● **EXERCISE GOAL**: The output should contain the listing word for word and no pictures.

● **GIVEN INFORMATION**:

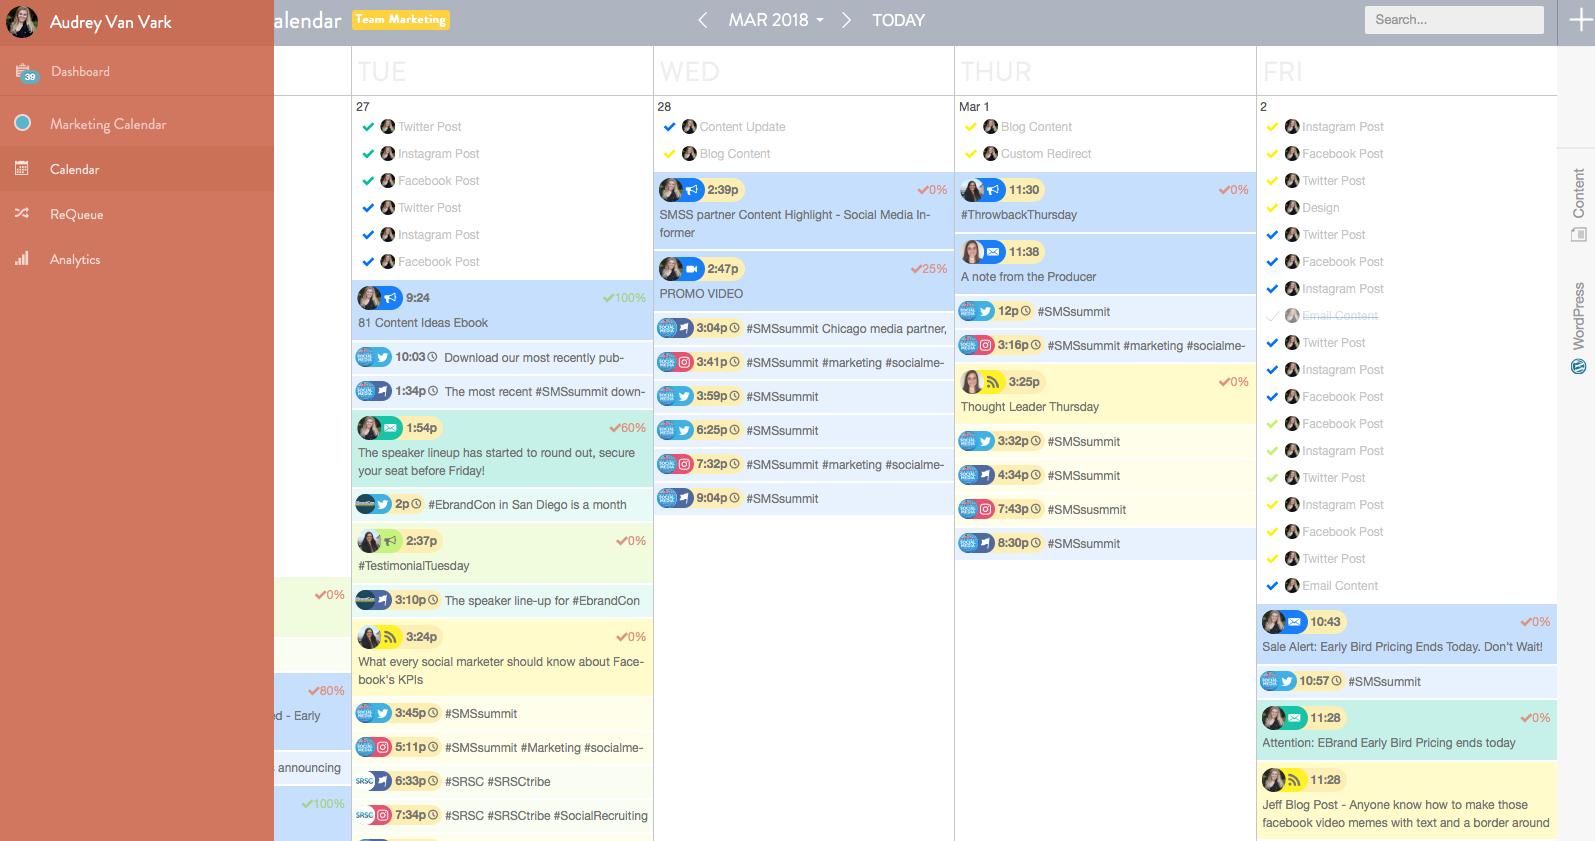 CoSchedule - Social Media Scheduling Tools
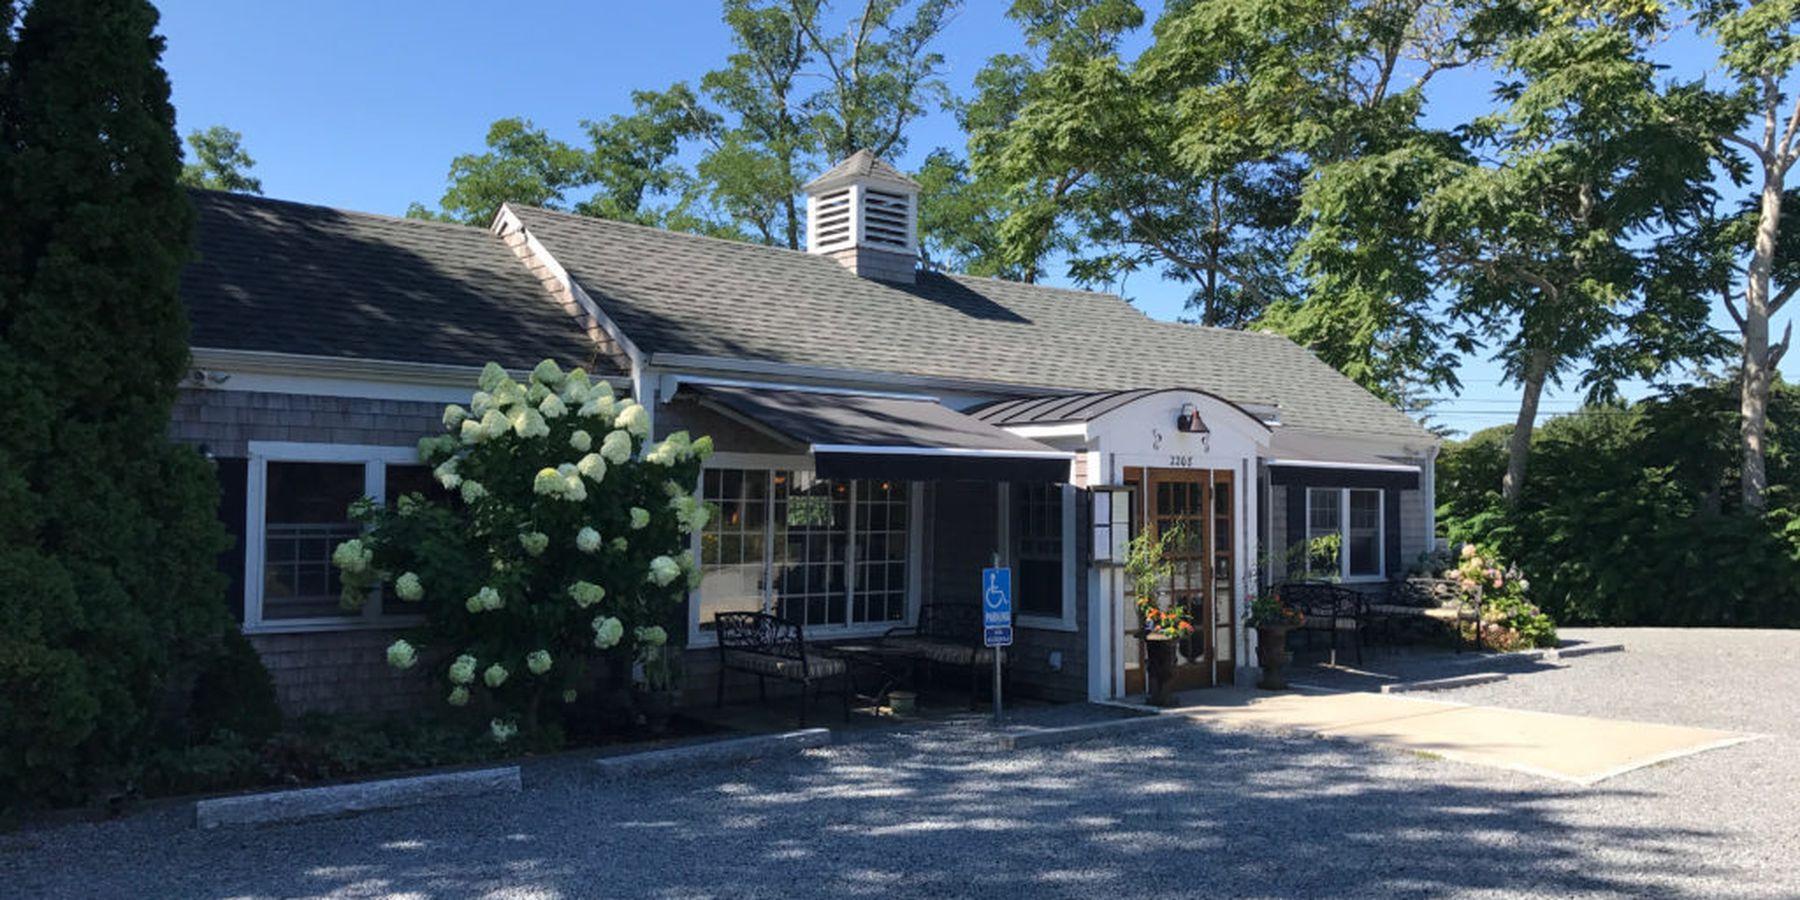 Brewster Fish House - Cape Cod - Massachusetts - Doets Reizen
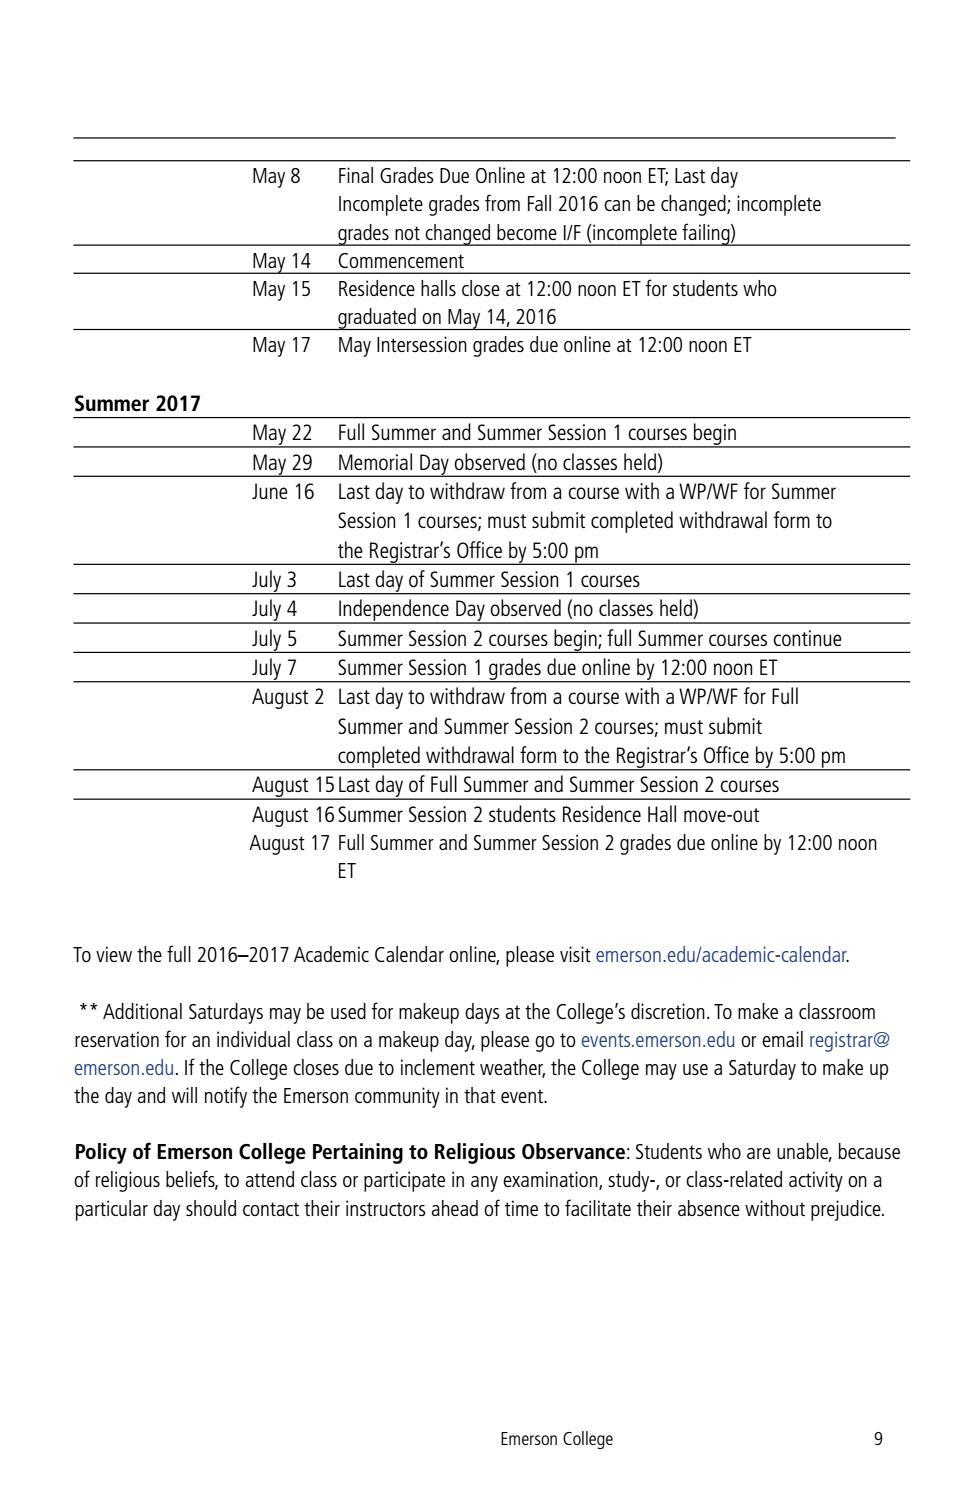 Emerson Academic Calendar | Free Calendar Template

● **EXERCISE SOLUTION**:
 CoSchedule - Social Media Scheduling Tools
 Brewster Fish House - Cape Cod - Massachusetts - Doets Reizen
 Emerson Academic Calendar | Free Calendar Template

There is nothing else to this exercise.